Caso Mayara não pode ir somente como feminicídio, fala Promotora contra decisão de Juiz

Lúcio Borges

A promotora de Justiça, Mariana Sleiman, apontou contrariedade e solicitou que Luís Alberto Barbosa, acusado do assassinato da musicista Mayara Amaral, 27 anos, não seja julgado somente por Feminicídio, como proferiu decisão do juiz Wilson Leite Corrêa, da 4ª Vara Criminal de Campo Grande.  A titular da 21ª Promotoria de Justiça de Campo Grande, se manifestou contrária a decisão do magistrado, em documento enviado ao Judiciário na última sexta-feira (20) ante posição de Corrêa publicada na quarta-feira (18).

Ela ainda solicitou que o Tribunal de Justiça defina quem ficará responsável pelo julgamento, pois há uma ‘confusão’ no processo, que pode paralisar o andamento da ação e mesmo dar mote para defesa ajuizar algum pedido de adiamentos ou cancelamentos de julgamento.

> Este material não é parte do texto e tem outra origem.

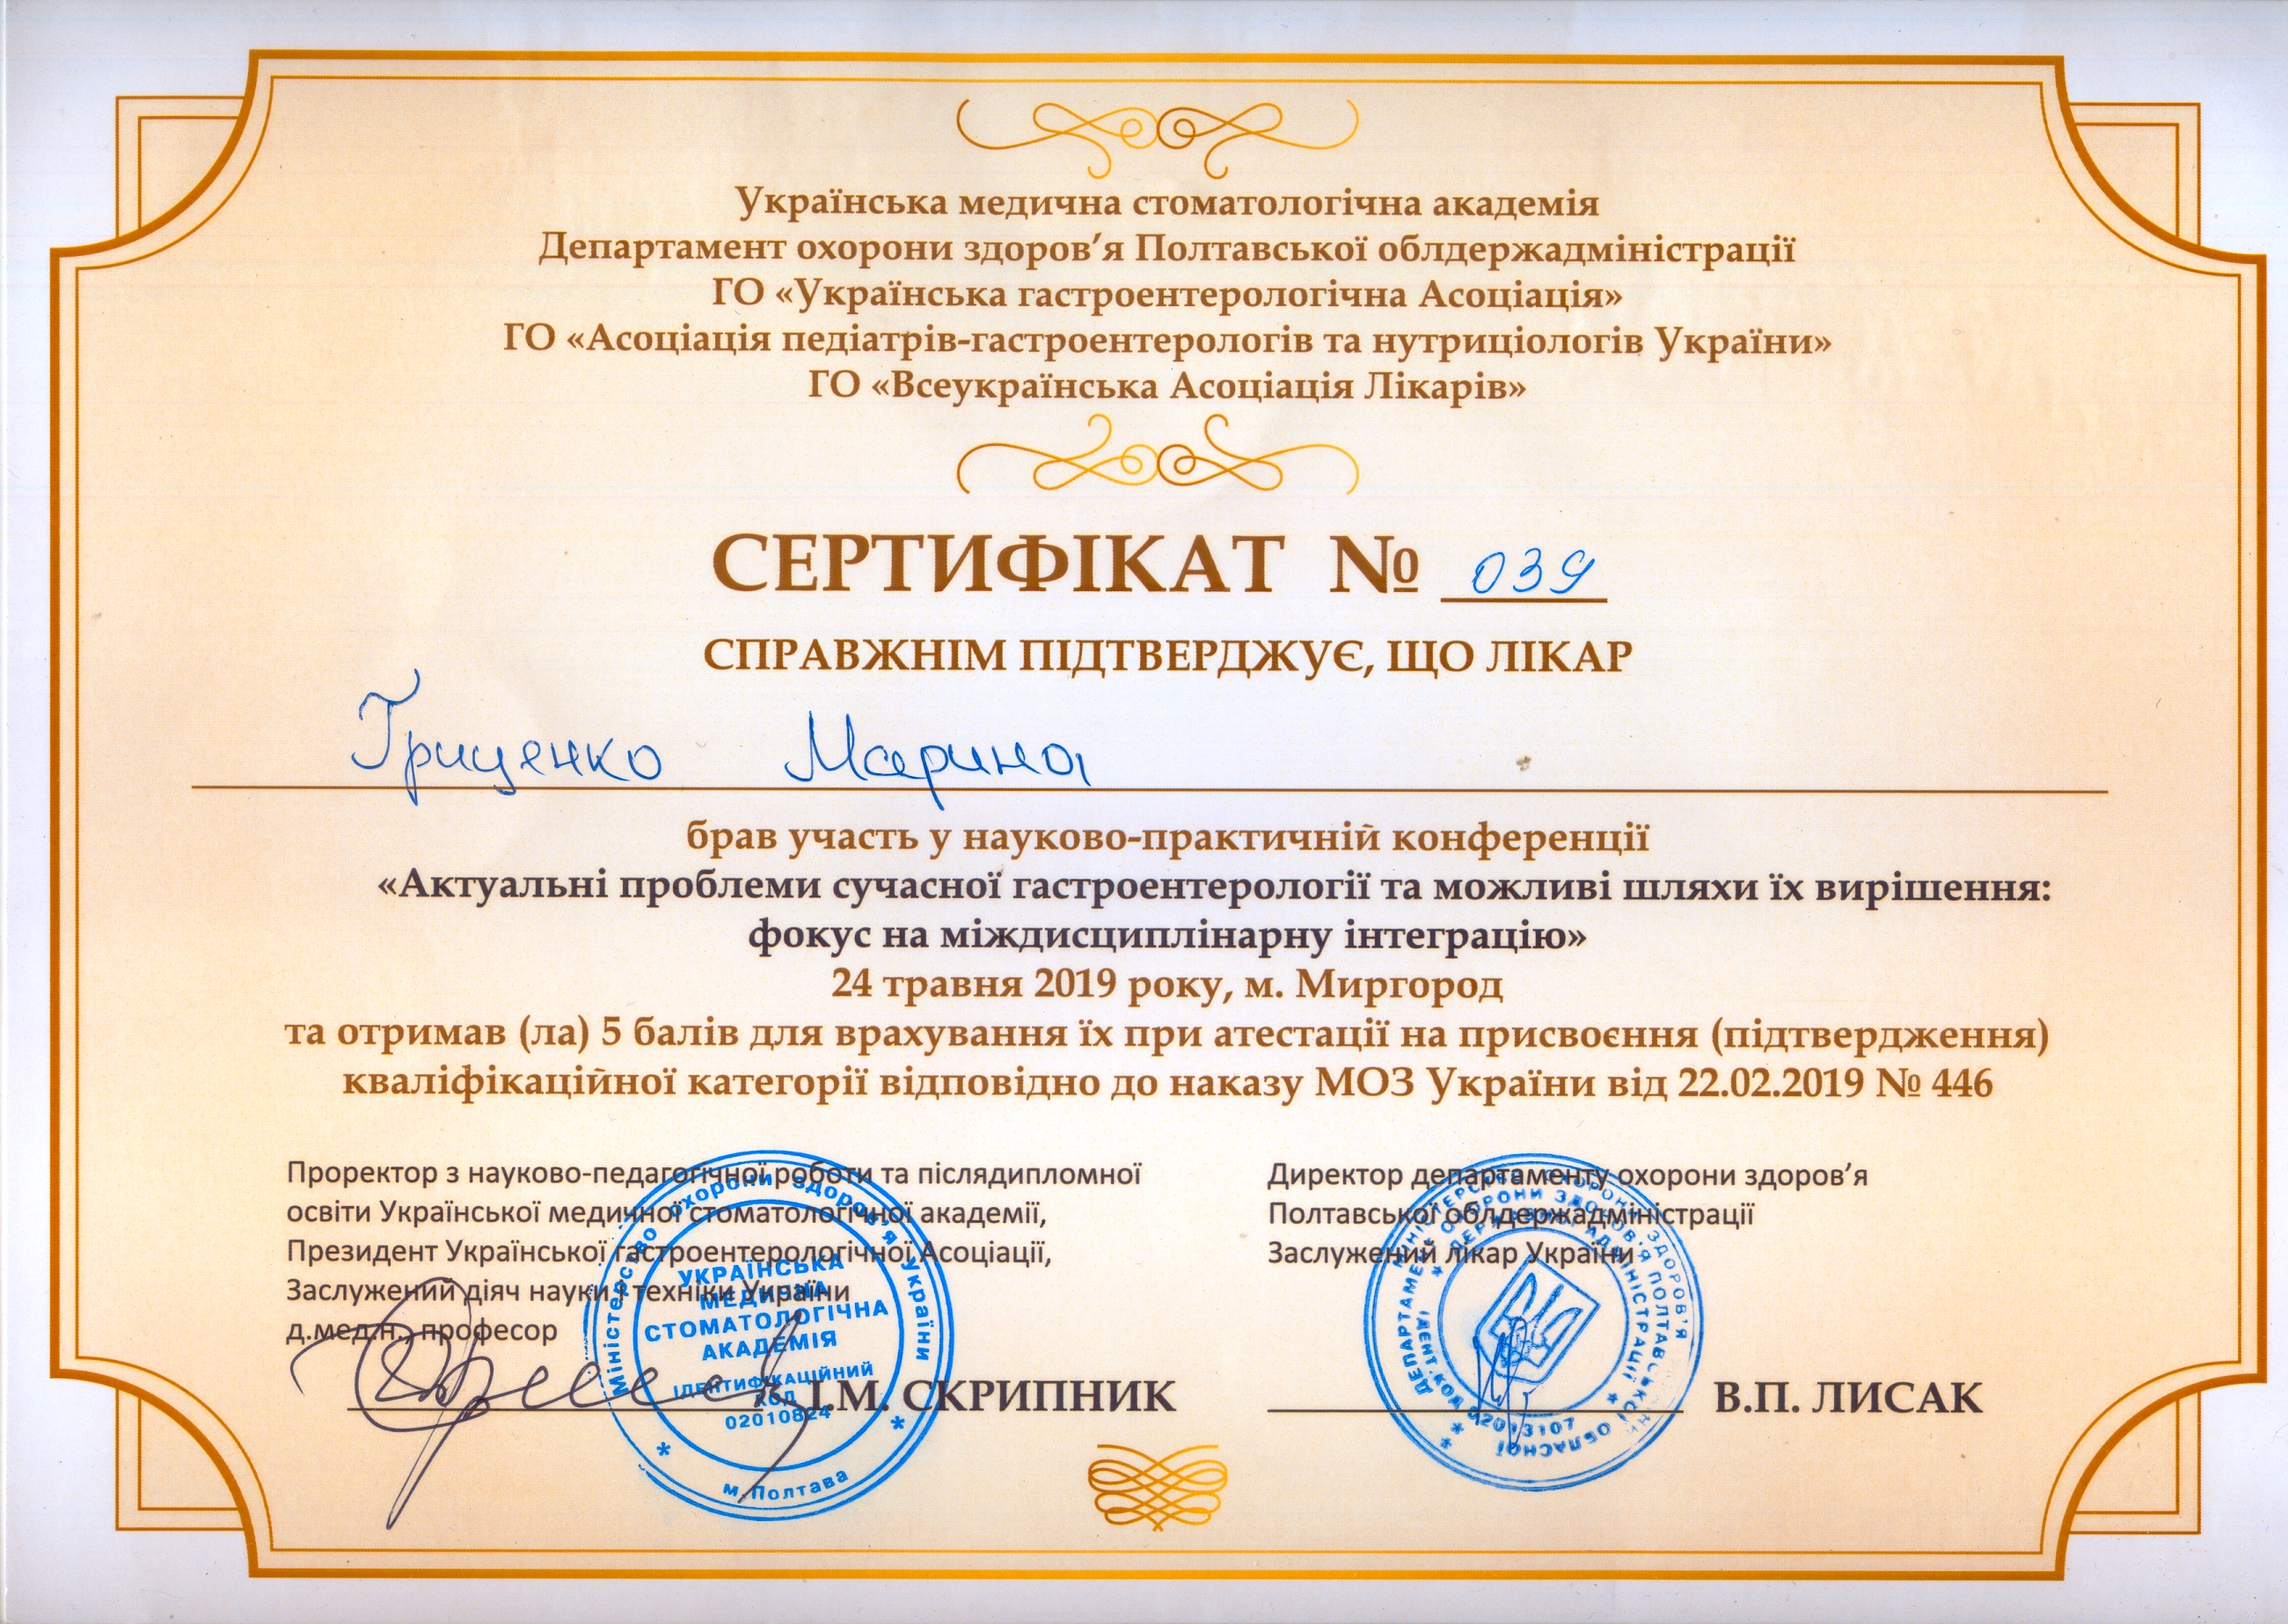 Сертифiкат Гриценко №039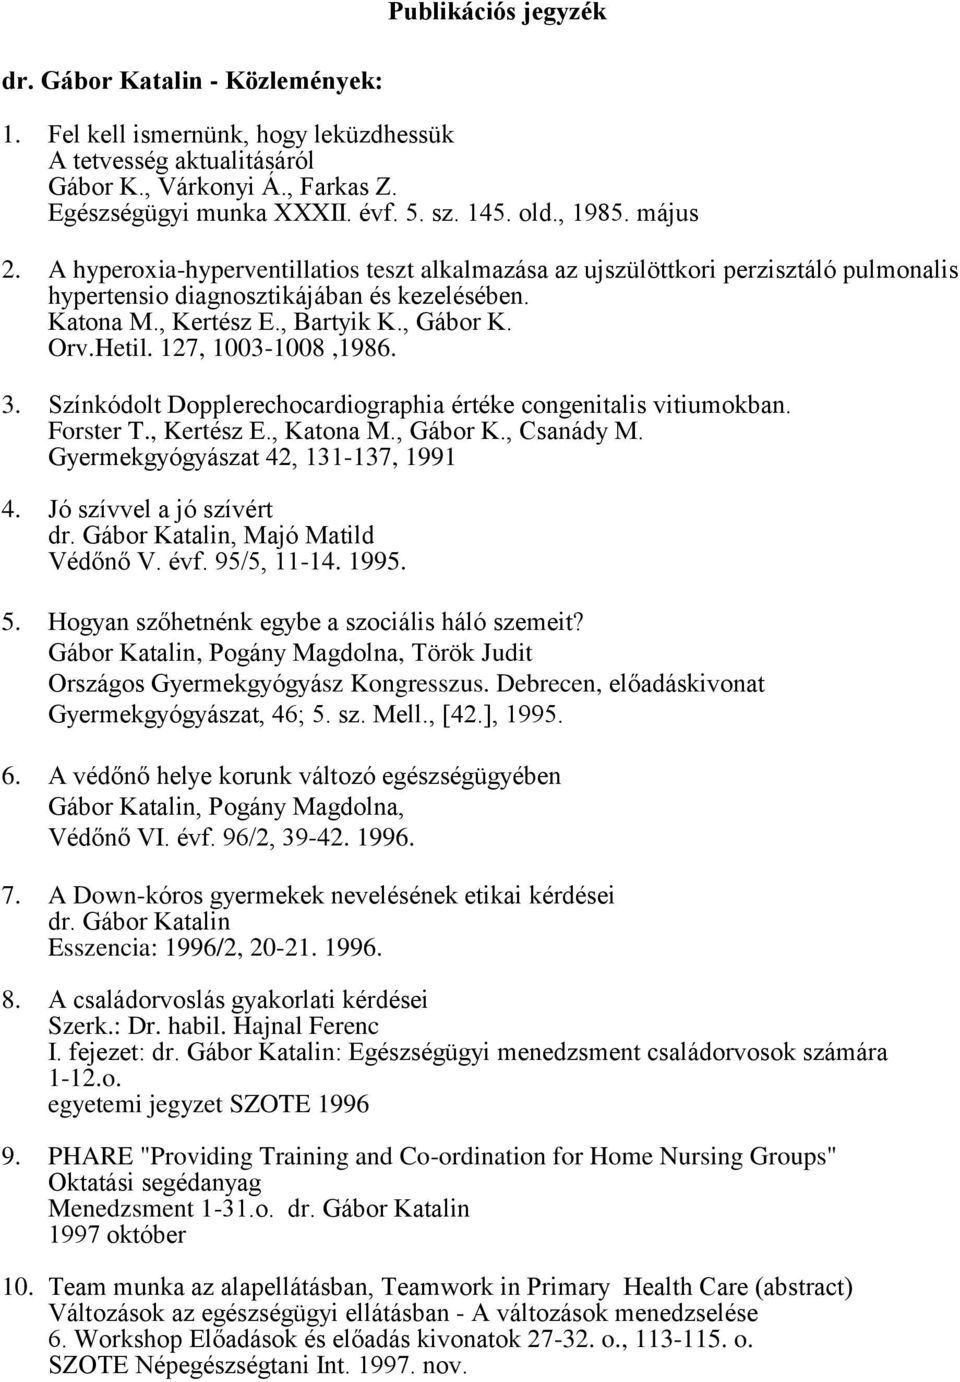 Publikációs jegyzék. dr. Gábor Katalin - Közlemények: - PDF Free Download

A manifestação foi publicada, no último dia 20 de outubro, depois que o caso foi remetido à 2ª Vara do Tribunal do Júri e Campo Grande, onde atua a 21ª PJCG. A promotora aponta que respeitando o entendimento do juízo da 4ª Vara Criminal, mas retoma e reitera a manutenção da prática do crime de latrocínio agravado pelo motivo torpe e contra mulher com quem mantinha relacionamento – violência doméstica.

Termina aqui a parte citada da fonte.